Нет, у него самого все, все было не так. Он разбирал с инженерами каждый чертеж, потом знакомил с чертежами бригаду. Добивался, чтобы, придя на работу, каждый знал, что будет делать не только сегодня, а и завтра. Иными словами, старался, чтобы каждый в бригаде научился охватывать внутренним взглядом весь процесс сборки. Он был строг, и это была умная строгость: требовал, чтобы в машинном отделении вся оснастка находилась под рукой, когда подадут фундаменты; сам составлял план, когда и что подавать, — утром фундаменты под запасной вал, к обеду — под главный редуктор, и тут уж только держись, если невзначай произойдет опоздание. Он умел и умеет упрекнуть тихо, без брани, но так, что потом три ночи кряду будешь ворочаться в постели, вспоминая его «выволочку».
Он добился того, чего так хотел, — ритмичности. «Ну и что же, — может спросить иной читатель, — разве не того же добивались и добились японские судостроители? Разве это не одна из основ мировой индустрии, которая — если верить иным буржуазным экономистам и социологам, не вникающим и не желающим вникнуть в классовый характер мирового производства, — становится чуть ли не космополитической!»
Нет, здесь, на Балтийском, все иначе. О с о з н а н н о с т ь труда рождает т в о р ч е с к о е к нему отношение, и сама работа превращается в творческий процесс — вот в чем дело! Прогресс при социализме не выжимает, а облагораживает людей. Это — знамение времени.
Сейчас, в эти дни, на Балтийском заводе вместе со Смирновым работают бригадиры Юрий Скоскин и Владимир Шатурин. Опыта им не занимать, оба они смирновской выучки. А ведь «создал» их хотя и не один Смирнов, но многое начиналось с него. Вот как это было.

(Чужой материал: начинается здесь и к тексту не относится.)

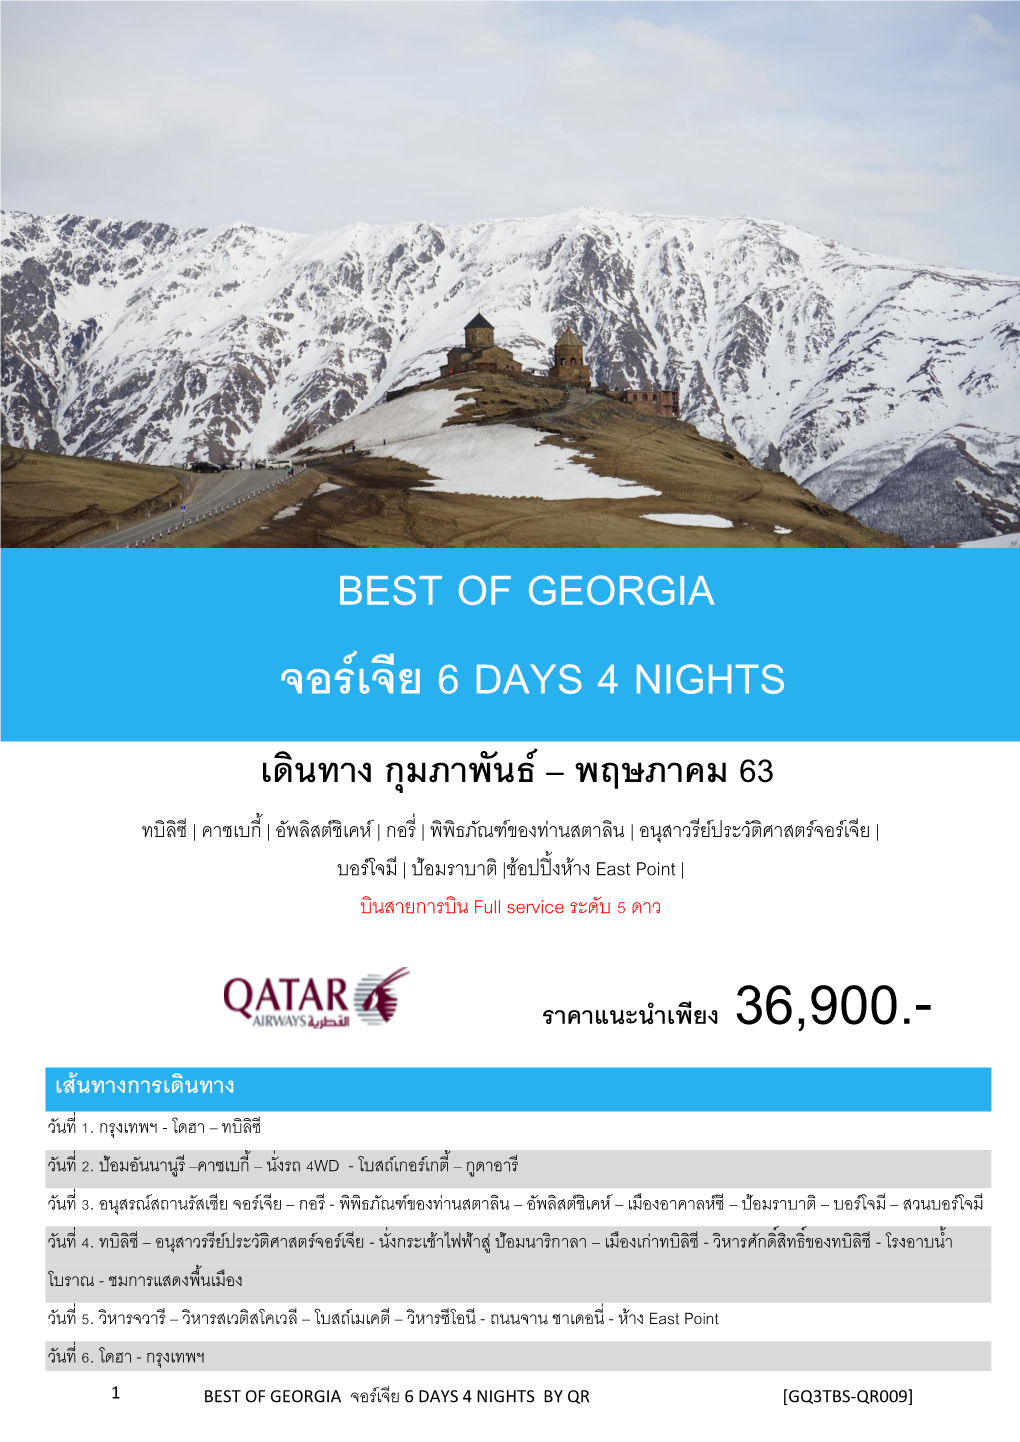 Best of Georgia จอร์เจีย 6 Days 4 Nights เดินทาง กุมภาพันธ์ – พฤษภาคม 63

Смирнову, когда он принял очередную новую бригаду, было не по себе от первых стычек со Скоскиным.
— Как у тебя?
— Как в аптеке.
— Допуски учел?
— Порядок, бригадир!
— Пойдем посмотрим.
И одного взгляда было достаточно, чтобы увидеть: сделана работа кое-как, по принципу: «Тяп-ляп, вышел кораб» — и все надо переделывать сызнова.
Так называемой воспитательной работы Скоскин не переваривал. Говори ему, что хочешь, — слова уходят, как вода в песок.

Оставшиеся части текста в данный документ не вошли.